Plaintiffs, landowners in Lincoln County, filed suit against the county for a declaration that an unimproved county road, known as “804,” had been vacated or abandoned. The circuit court allowed The Committee to Save Yachats 804 Trail, Inc. (“the committee”), to intervene and to file a counterclaim for a declaratory judgment that County Road 804 continues to exist, that it is a “public easement by prescription,” and that “the public has a prescriptive easement over any part of the pedestrian right of way not falling within the confines of County Road 804 and/or that the same has been impliedly dedicated to the public by plaintiffs and their predecessors in title.” Intervenor also asked for injunctive and other relief. In an extensive opinion reviewing the evidence, the circuit court found that County Road 804 had been legally established in 1890, that it was not vacated by the location of another county road in 1916 or of a highway in the 1930’s, and that the public by long and adverse use had acquired prescriptive rights in a pedestrian right of way that included portions of the original “804” and other segments on property outside the original “804,” as described in detail in the court’s judgment.

On appeal, the landowners challenged the standing of the committee to intervene in the case and to seek the declaratory relief granted by the circuit court; plaintiffs also appealed from the judgment on the merits. The Court of Appeals held that the committee had “representational standing” to intervene. It modified the judgment of the circuit court only by excluding from the prescriptive easement those portions lying within County Road 804. Rendler v. Lincoln Co., 76 Or App 339, 348, 709 P2d 721 (1985). Plaintiffs filed a petition for review on the standing issue, which we allowed. We affirm the decision of the Court of Appeals.

In their brief on appeal and petition for review, plaintiffs correctly note that this court has not approved the definition of “representational standing” that the Court of Appeals derived from federal decisions concerning the existence of a “case or controversy” under Article III, section 2, of the United States Constitution. 1 See Benton County v.
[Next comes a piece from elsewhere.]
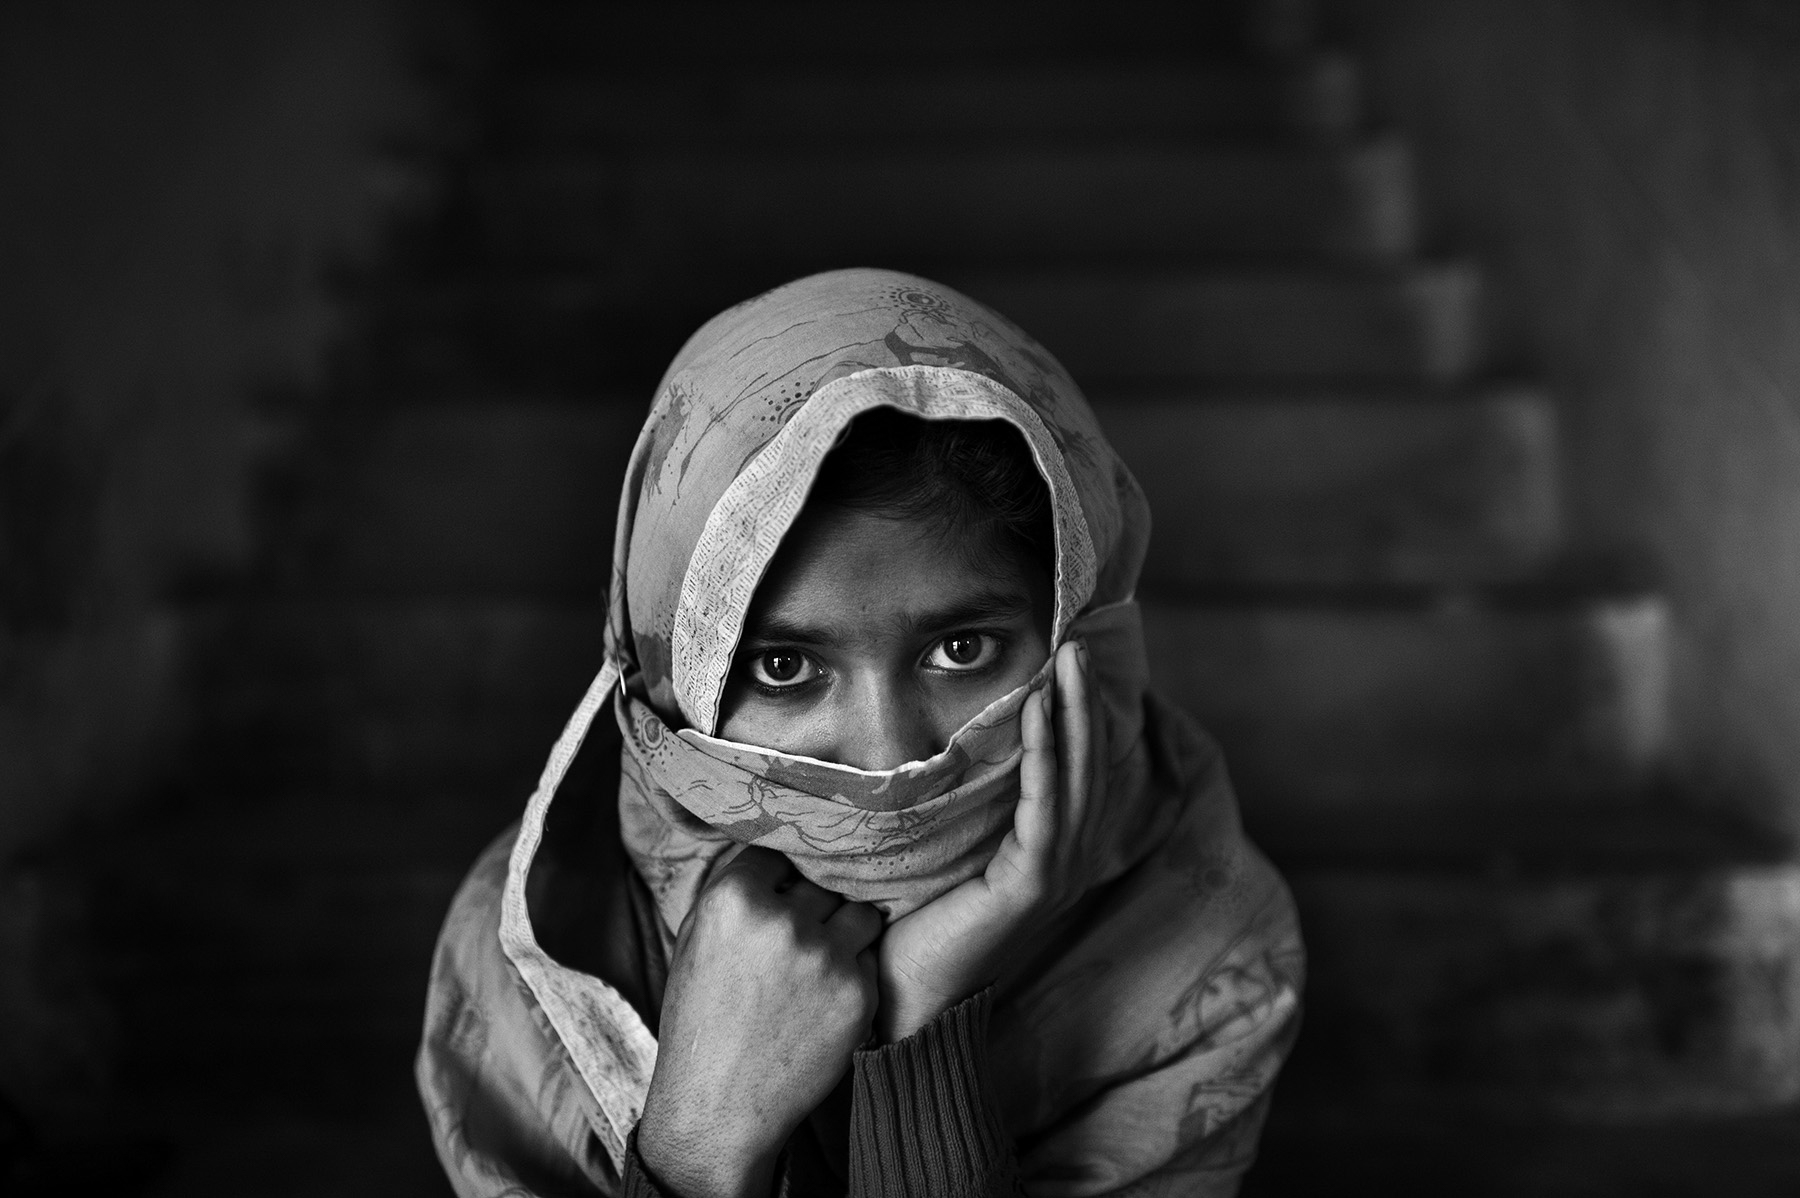 Child Labor and Exploitation in Bangladesh

Friends *180 of Benton County, 294 Or 79, 653 P2d 1249 (1982). In Benton County, we pointed out that the definition of parties and interests that qualify for different judicial remedies must be sought in statutes rather than in generalized notions of “standing” or federal cases interpreting Article III of the United States Constitution, and that a number of questions arise under the statutes when an organization appears in court to “represent” interests other than its own. 294 Or at 81-83. Accordingly, plaintiffs contend that intervenor did not meet the applicable statutory criteria to seek the declaratory judgment it won in the circuit court.
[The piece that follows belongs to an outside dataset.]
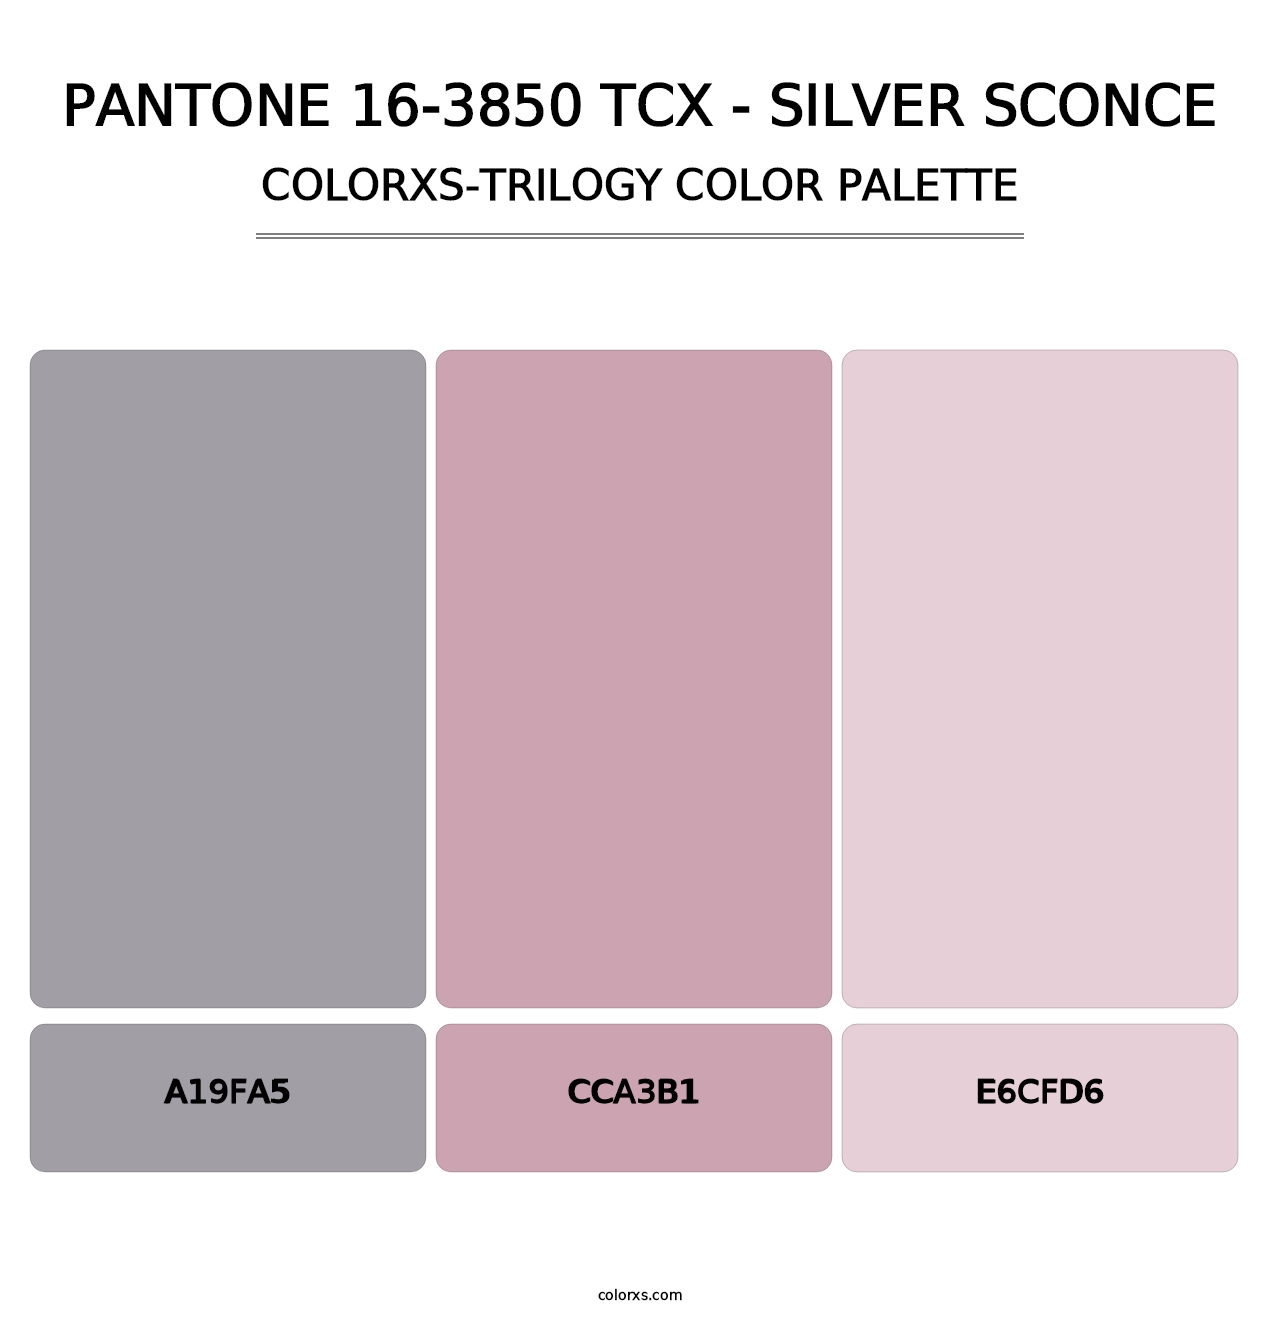 PANTONE 16-3850 TCX - Silver Sconce - Colorxs Trilogy Palette

Because the issues differ significantly from those in other recent Oregon cases of “public interest” litigation, we asked the parties for supplementary memoranda. Their responses helped greatly to clarify and to resolve the issues, though in the nature of things not to the equal satisfaction of all parties.

Plaintiffs observe that unlike earlier cases, this case did not arise under the land use laws and does not involve standing to obtain review of governmental action. That distinguishes some precedents but does not lead to a particular conclusion. Marbet v. Portland Gen. Elect., 277 Or 447, 561 P2d 154 (1977), and Strawberry Hill 4 Wheelers v. Benton Co. Bd. of Comm., 287 Or 591, 601 P2d 769 (1979), also were not land use cases; nevertheless, individuals or groups qualified under the Administrative Procedure Act in Marbet and under the statutory writ of review in Strawberry Hill 4 Wheelers, as much as under the land use laws in Jefferson Landfill Comm. v. Marion Co., 297 Or 280, 686 P2d 310 (1984), to seek judicial review of governmental proceedings in which they had been allowed to participate as interested parties. In the present case, the committee had not first participated in a governmental proceeding; it was allowed to intervene in a judicial proceeding between private plaintiffs and Lincoln County and to assert a counterclaim for a declaratory judgment against plaintiffs. Its standing to do so must be determined under the *181 rule governing intervention, ORCP 33, and under the declaratory judgment law, ORS chapter 28, as plaintiffs say.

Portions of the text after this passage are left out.